Here's the code to create the Postgres schema structures necessary to store the captured errors.

create schema if not exists private;

create table private.sentry_event (
  id integer generated by default as identity
    constraint sentry_event_pkey primary key,
  received timestamp without time zone not null,
  content json not null
);

grant insert, select, update, delete, truncate, references, trigger 
  on private.sentry_event to supabase_auth_admin;
grant insert on private.sentry_event to anon;


create or replace function public.store_sentry_event(json_content jsonb)
  returns void security definer
  language sql
as $$
  insert into private.sentry_event (received, content)
  values(transaction_timestamp(), json_content);
$$;

grant execute on function public.store_sentry_event(jsonb) to anon;

What's with the private Supabase schema?

In Supabase - the public schema is "open by default", other schema are "restricted by default".

Cabbage puts the event data in a table in a separate private schema where Supabase does not provide any access to it via the REST API. The name "private" is intended to communicate the need to be aware of visibility issues. We then create a stored procedure in the public schema that stores the data into the data table.

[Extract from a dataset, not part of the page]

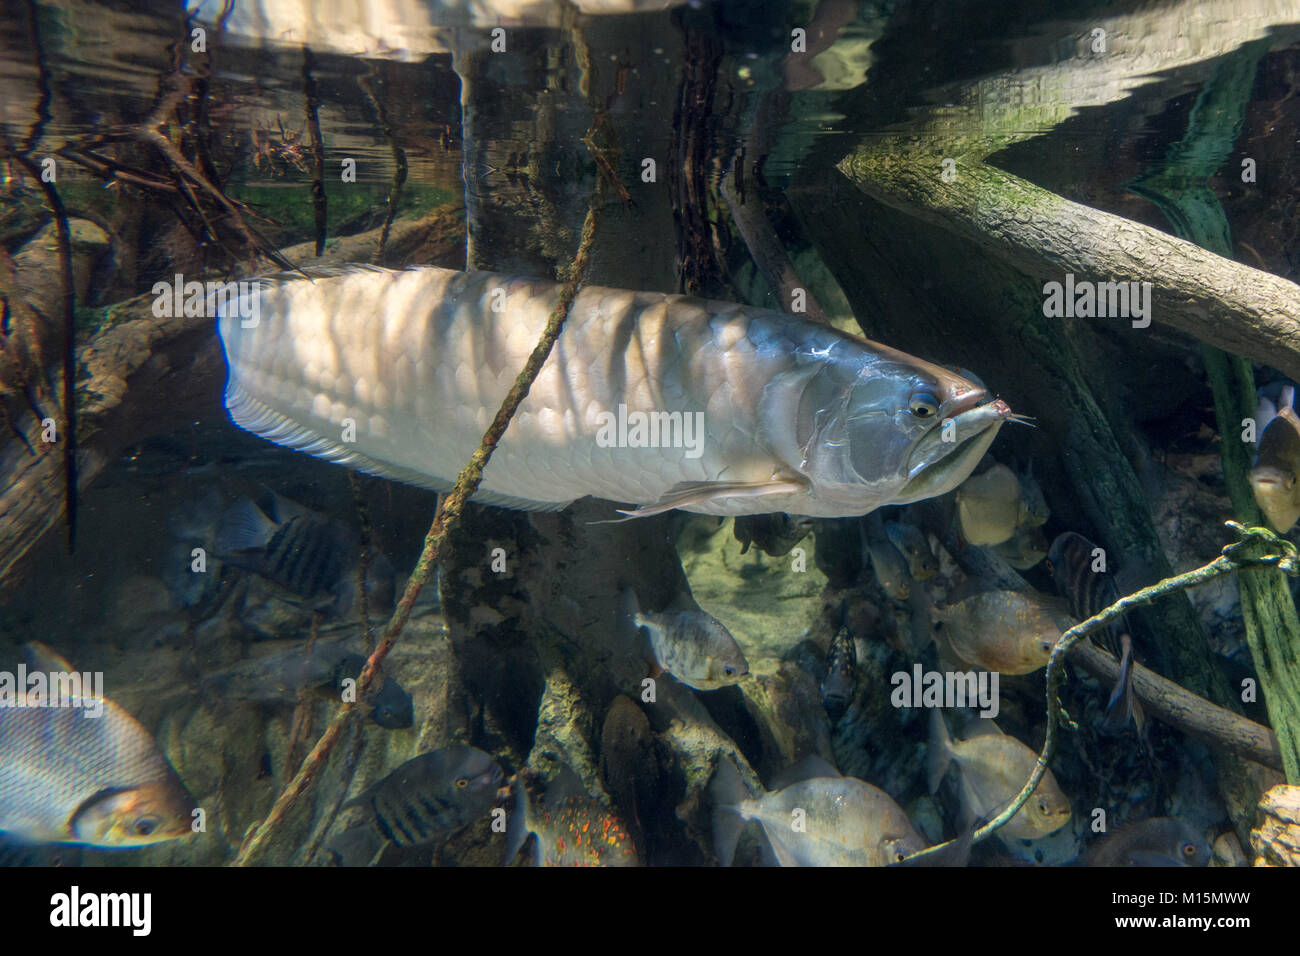 A silver arowana on display in the National Aquarium, Baltimore, Maryland, United States. Stock Photo

There is another way do this with Supabase - you could create the event storage table in the public schema then lock it down with row level security .

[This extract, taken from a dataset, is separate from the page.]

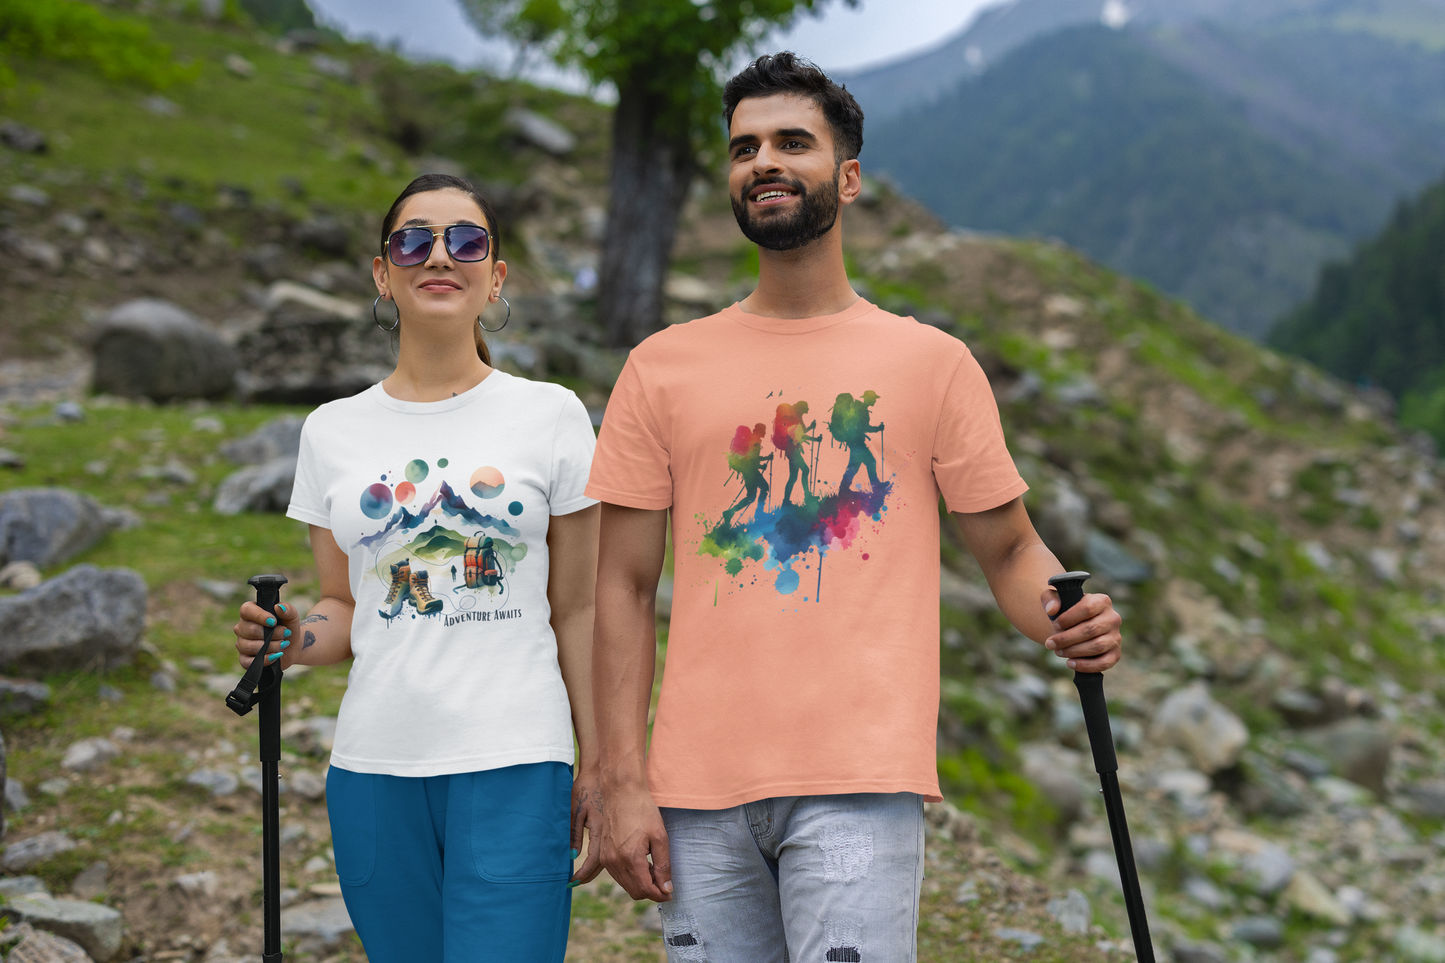 Hiking Shirt for Camping Group, Outdoor Gift for Hiking Group Adventure Lover

Why use a separate schema instead of relying on RLS?

Captured error events may accidentally contain sensitive information - access to sensitive data should definitely be restricted by default.

If you forget to add the stored procedure to store data into the table, then nobody can store the captured data. That's bad, but you'd notice it fairly quickly.

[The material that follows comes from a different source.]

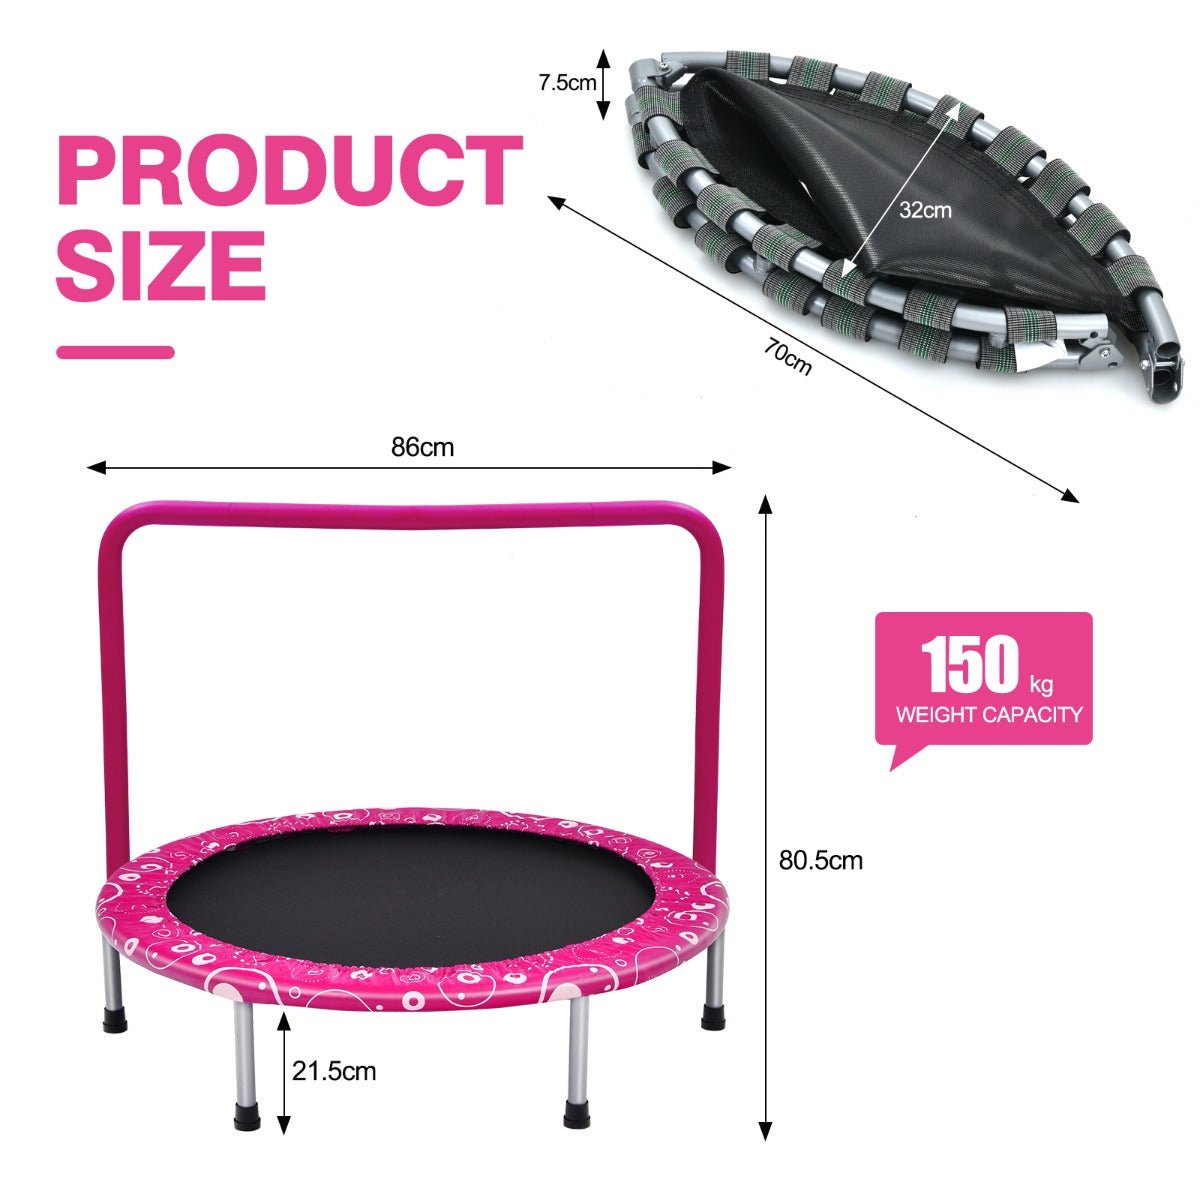 Boundless Fun: Foldable Kids Trampoline with Handle for Indoor & Outdoor Pink

If you forget to add row level security to your table (or get the policies wrong), then anybody can access the data. That's worse, and without some other validation mechanism - much harder to notice.

Viewing the errors

Once the error reports start flowing, you're going to need to look at them.

As shown in the schema creation code, we store the Sentry event data as a document in a JSONB column - as opposed to modelling the event as a relational data structure.

Here's a SQL query to view the most recent errors, including joining the error report against the user table so you can see who is experiencing the error.

select
  received "server time",
  to_timestamp(cast(e.content ->> 'timestamp' as numeric)) "client time",
  e.content -> 'user' ->> 'id' "user id",
  u.email,
  e.content ->> 'release' "release",
  e.content "event"
from private.sentry_event as e
  left join auth.users u on u.id::text = e.content -> 'user' ->> 'id'
order by e.id desc
limit 10
example event query results

If you want to query the error data yourself - you'll need to follow the doco instructions  to stand up your own copy of Cabbage, including your own Supabase project.

So why use a paid service at all?

Part of this article could be summarised as "how to use Sentry's stuff without giving them any money". So I thought I might explain why you might consider using a paid error capturing service like Sentry.

With the setup described in this article - you're left to write queries and troll through a bunch of JSON by hand in order to diagnose problems. You won't even know any errors occurred unless you go looking for them.

This is where services like Sentry start to earn their keep. They give you much nicer tools to inspect individual errors instead of manually analysing a blob of JSON.

That said, a UI to analyse individual errors is nice, but not worth the price of admission - in my opinion. The real value of paid services like Sentry is that they give you tools to aggregate and summarize all your errors. You can slice and dice your error data to look at it by time, by release, by browser etc. You can ask and answer questions like "was this error happening before the latest release?" or "is this problem only affecting Firefox users?"

Also, sticking tons of JSON documents in a relational DB, co-located with your real dataset like this might not be the best plan ever. Whoever operates your database will have a stern word or two for you when they find out what you're doing. "Why hello there, my friendly neighbourhood DBA - what's up with the baseball bat?"